** Your assignment **
From the line containing "nike mens running shorts built in briefs" to the line containing "Dossiers du Personnel" in the entries below, reproduce every line exactly, ends included. Nothing else belongs in the copy, and no pictures.
[[ Source records open ]]
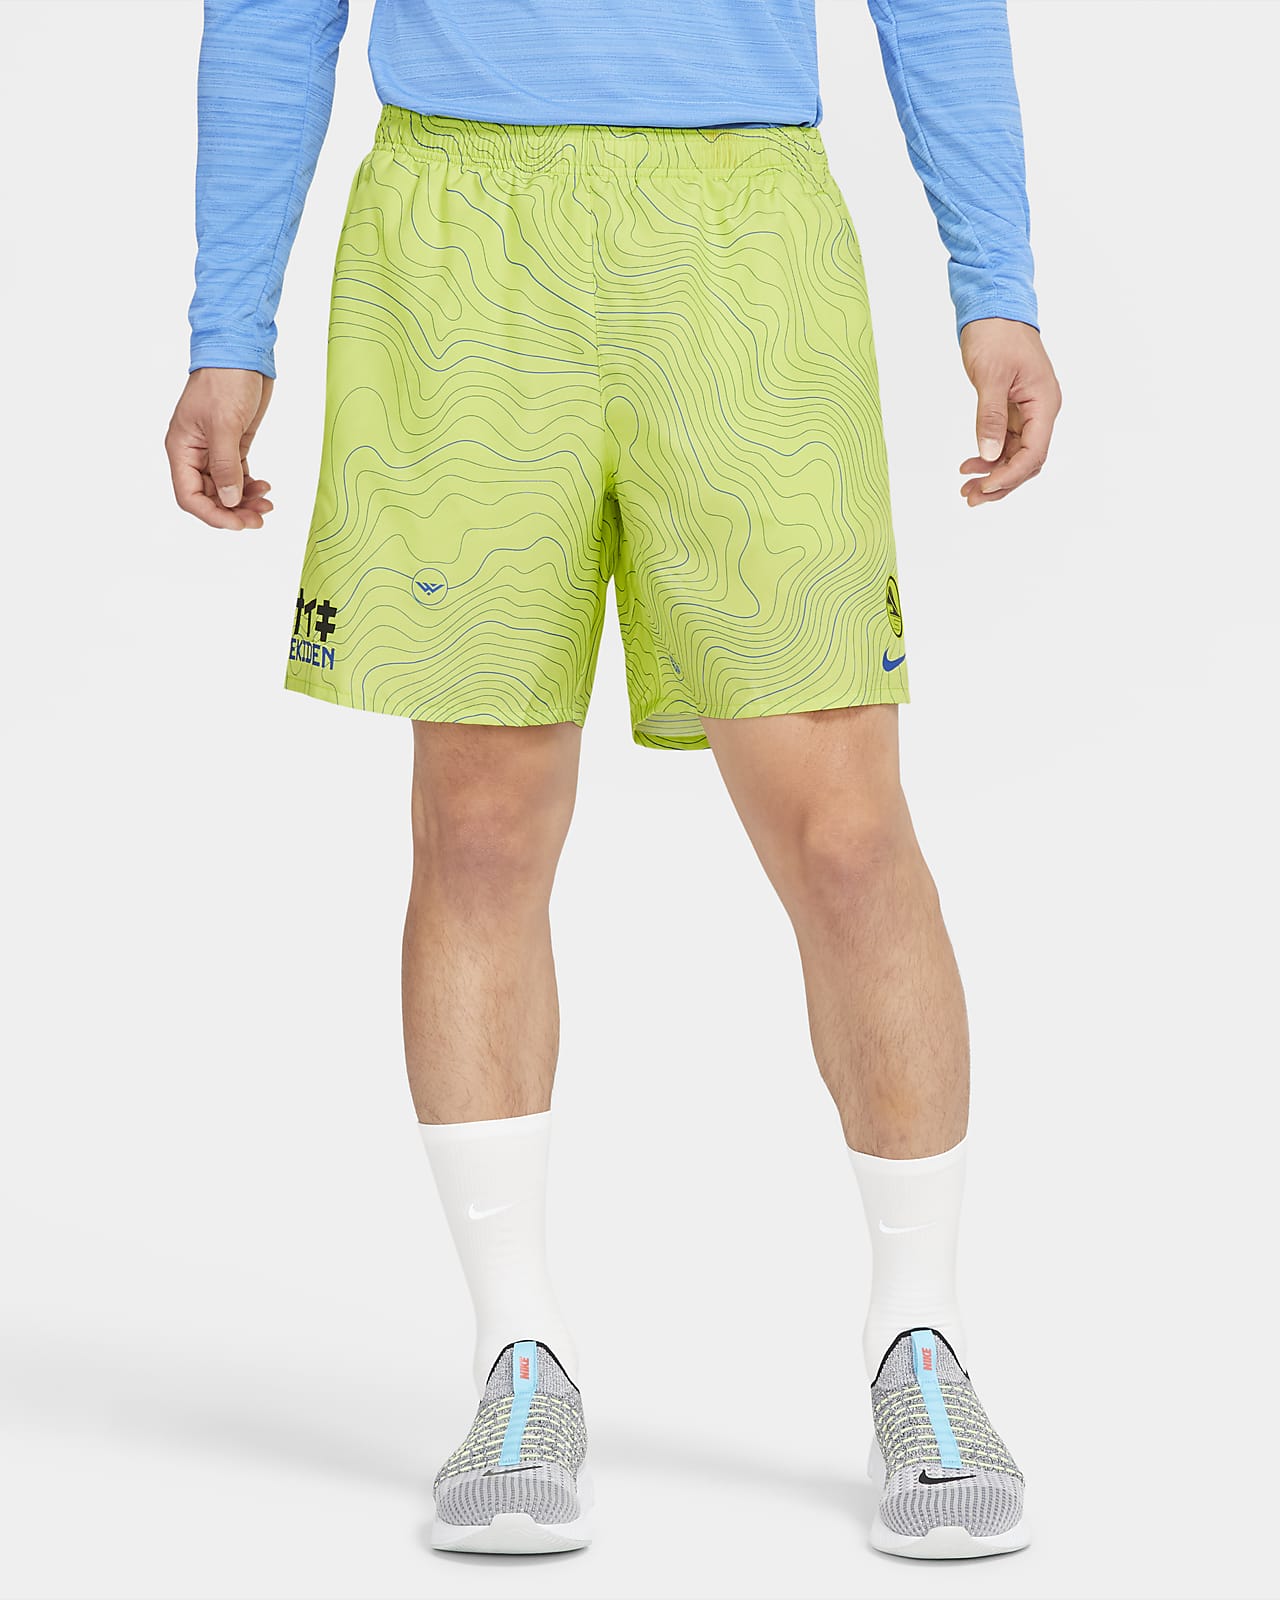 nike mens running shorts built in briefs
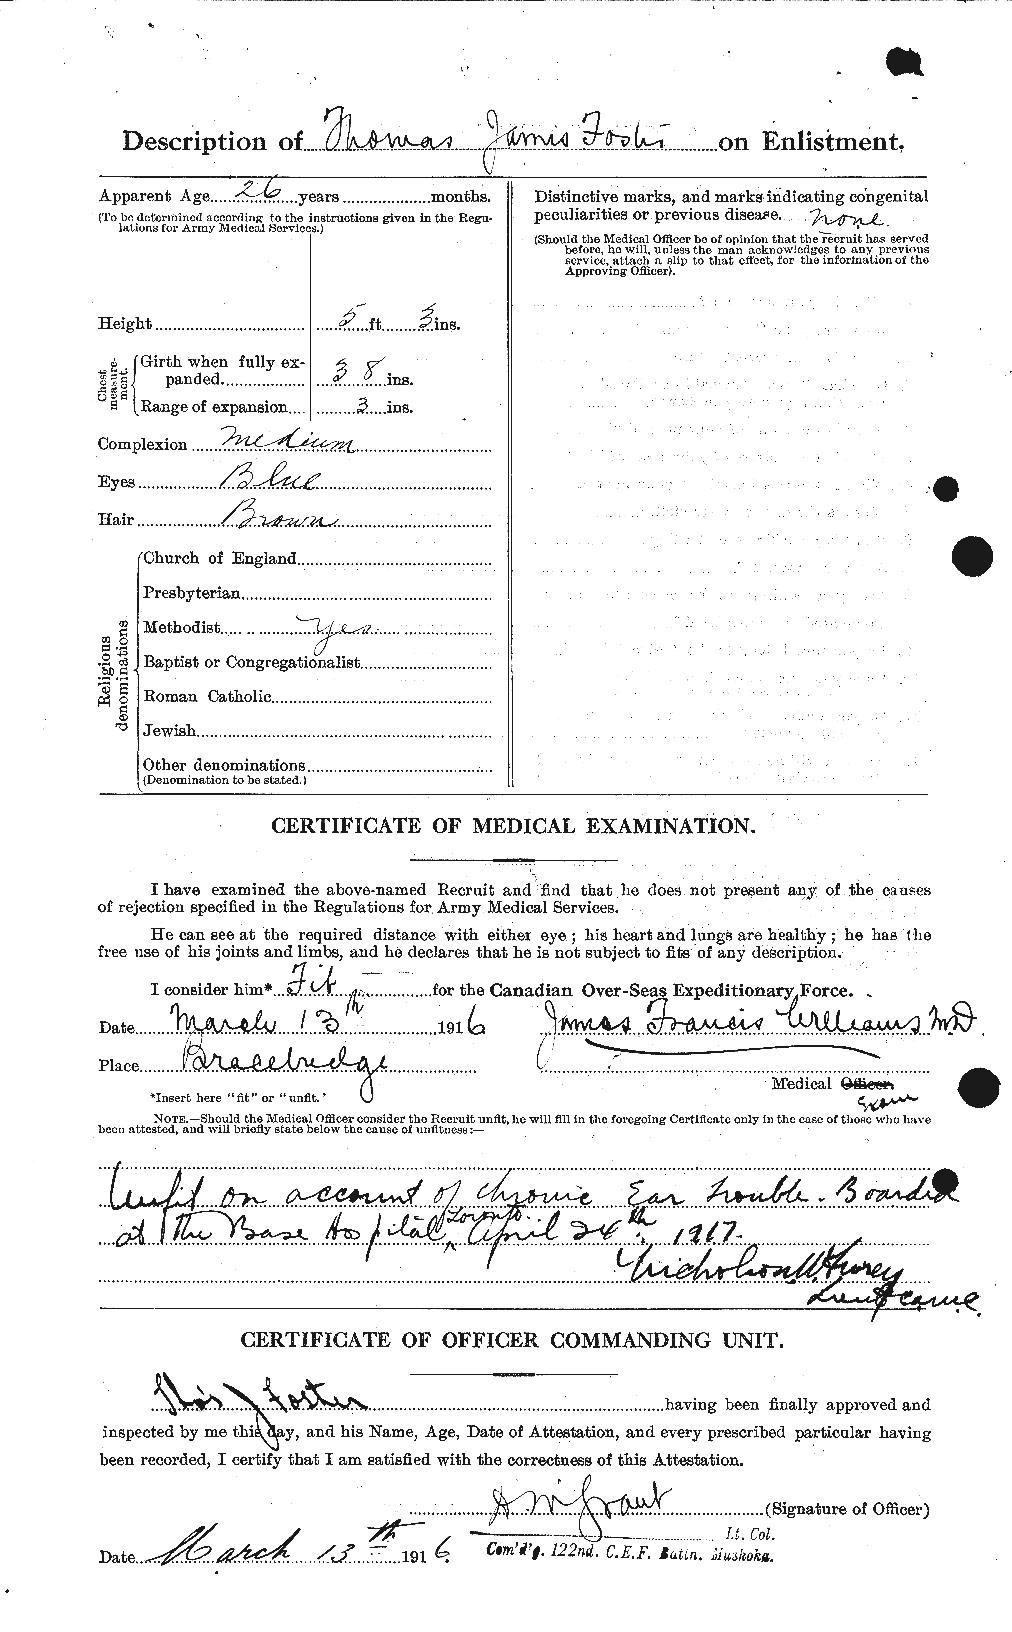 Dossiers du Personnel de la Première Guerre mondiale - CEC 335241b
[[ Source records closed ]]
[[ Source records open ]]
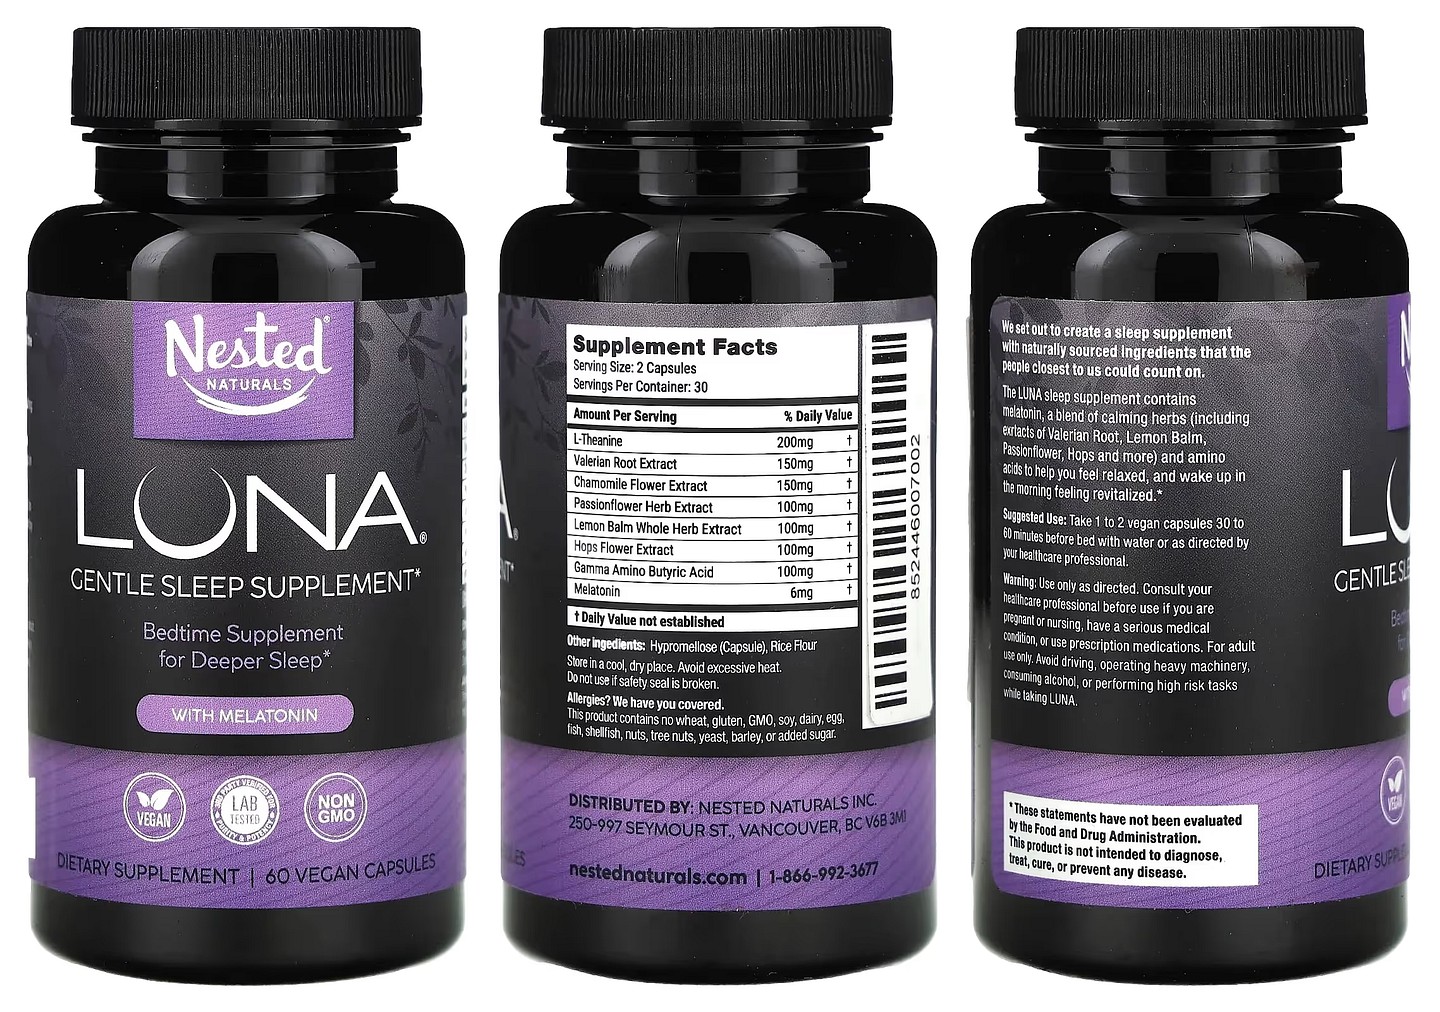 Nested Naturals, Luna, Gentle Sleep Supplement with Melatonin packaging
[[ Source records closed ]]
[[ Source records open ]]
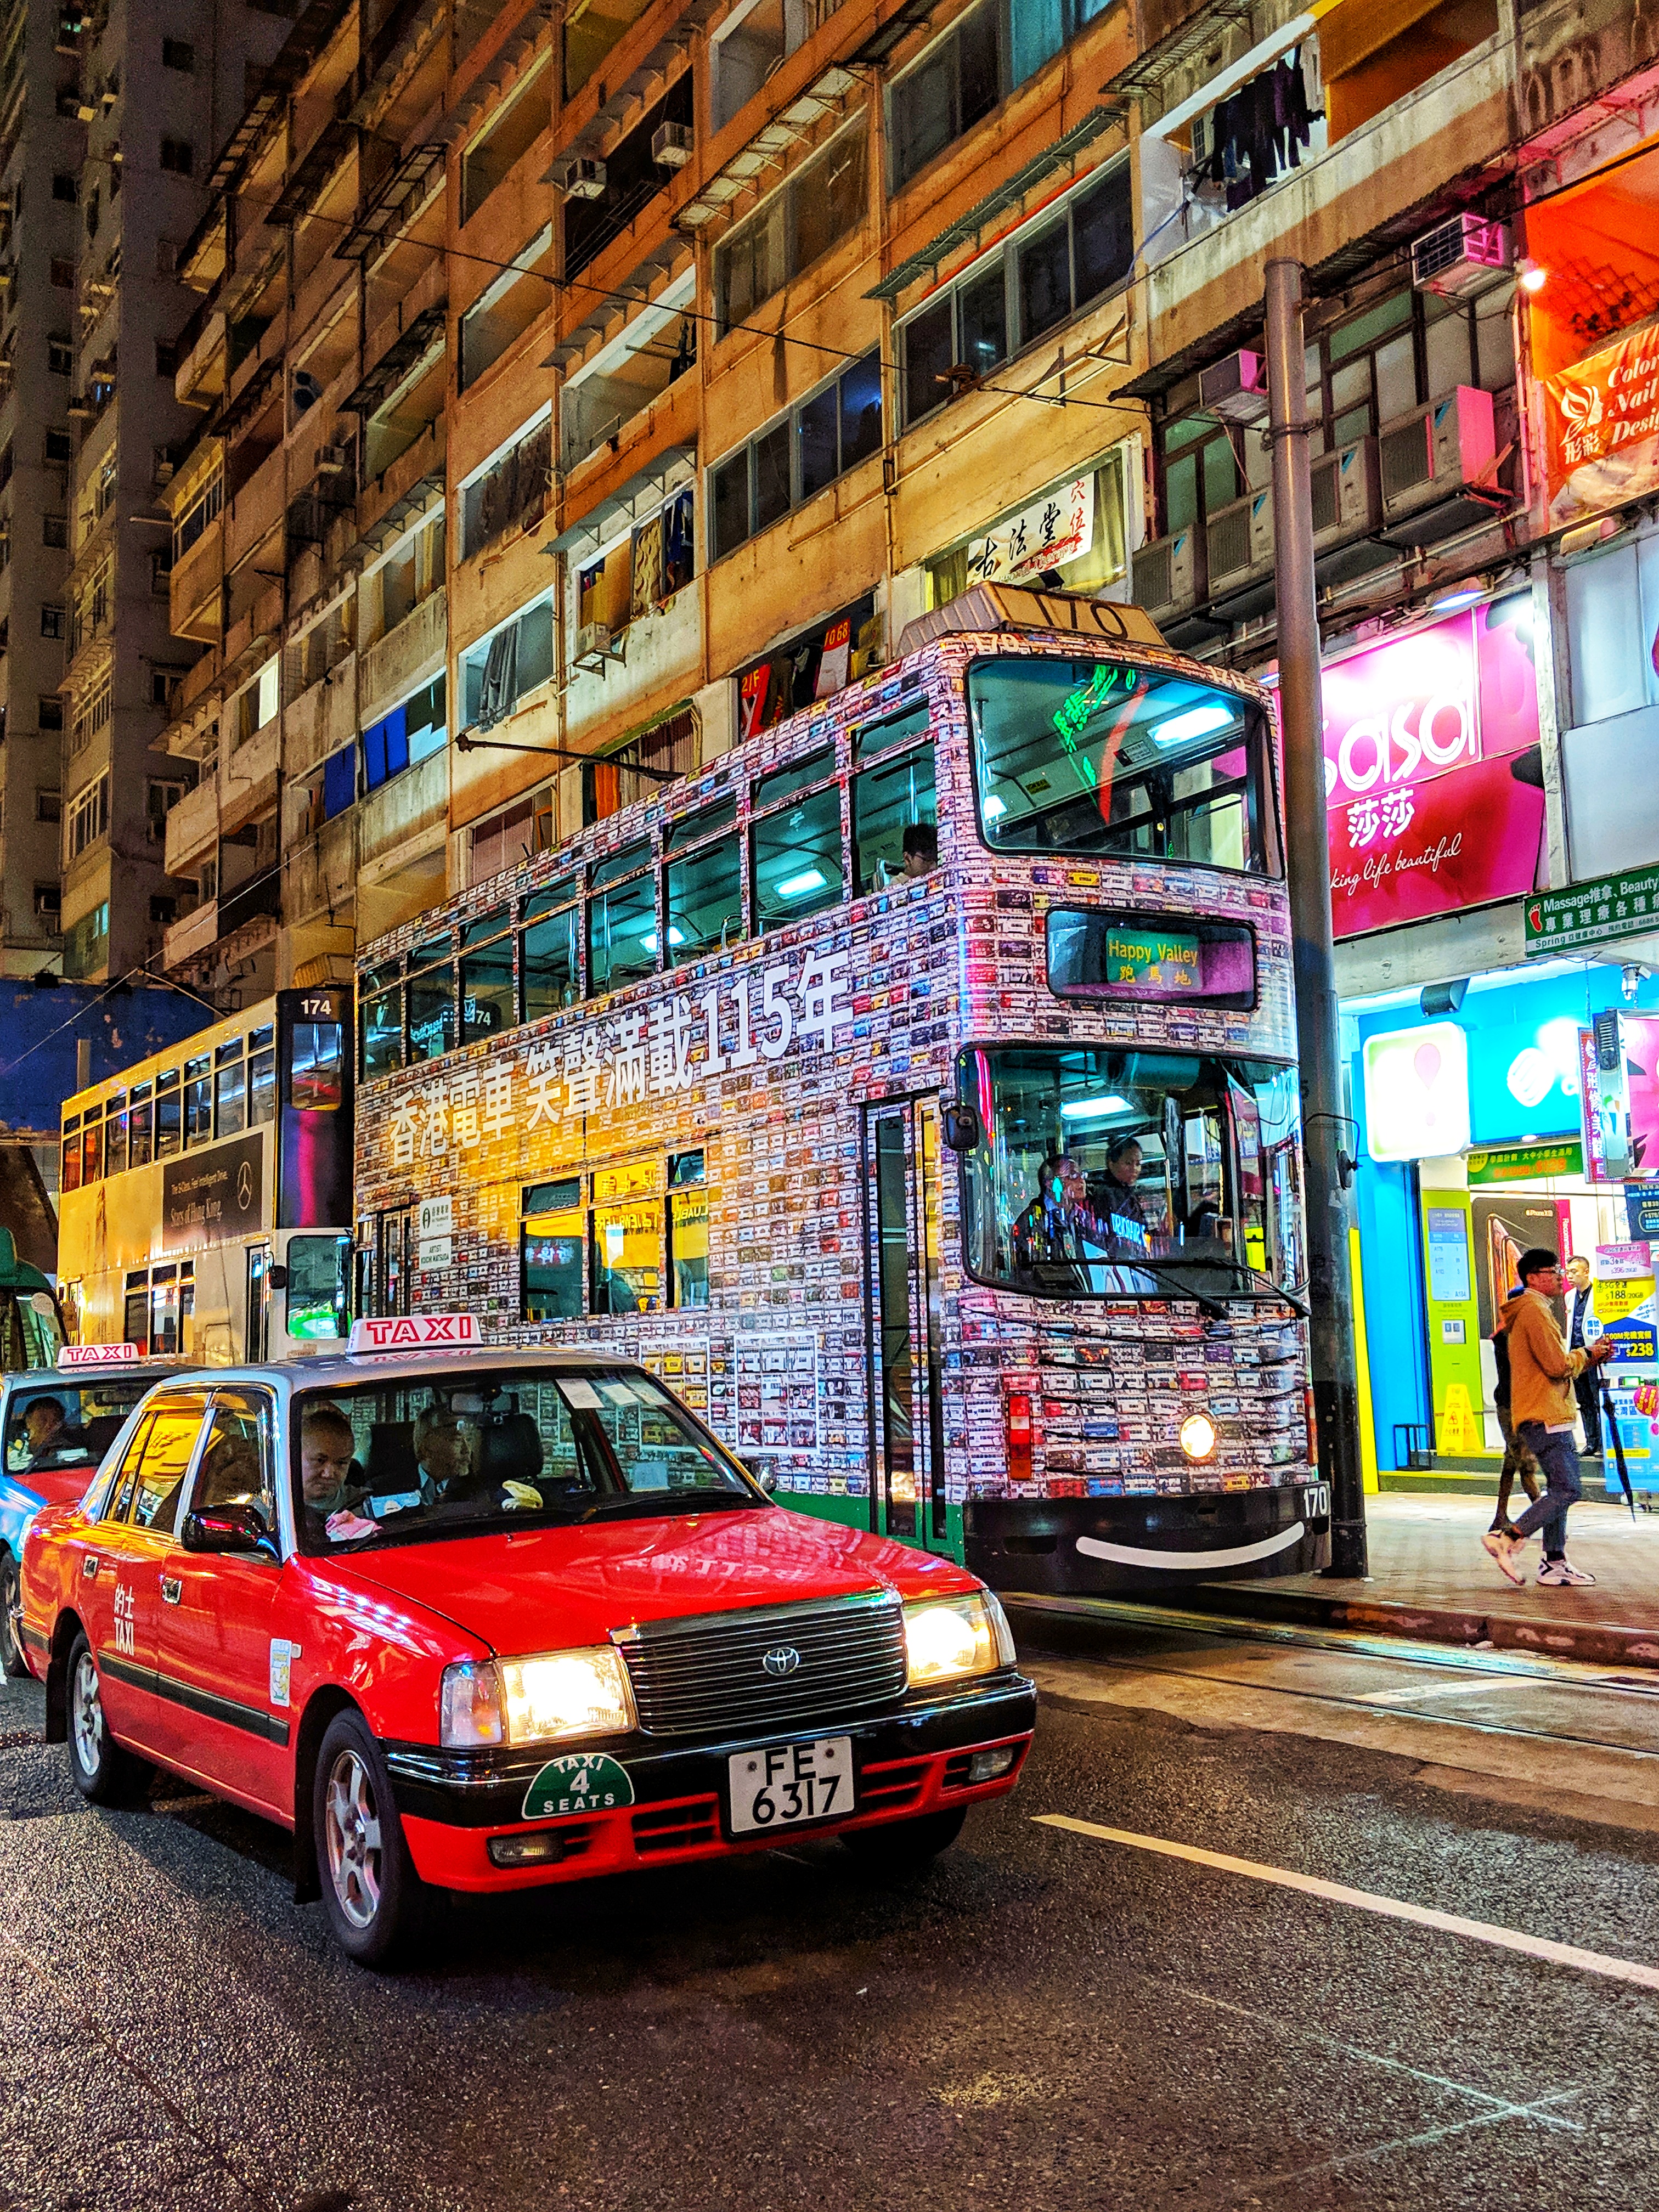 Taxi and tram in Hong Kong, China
[[ Source records closed ]]
** Answer to the exercise **
 nike mens running shorts built in briefs
 Dossiers du Personnel de la Première Guerre mondiale - CEC 335241b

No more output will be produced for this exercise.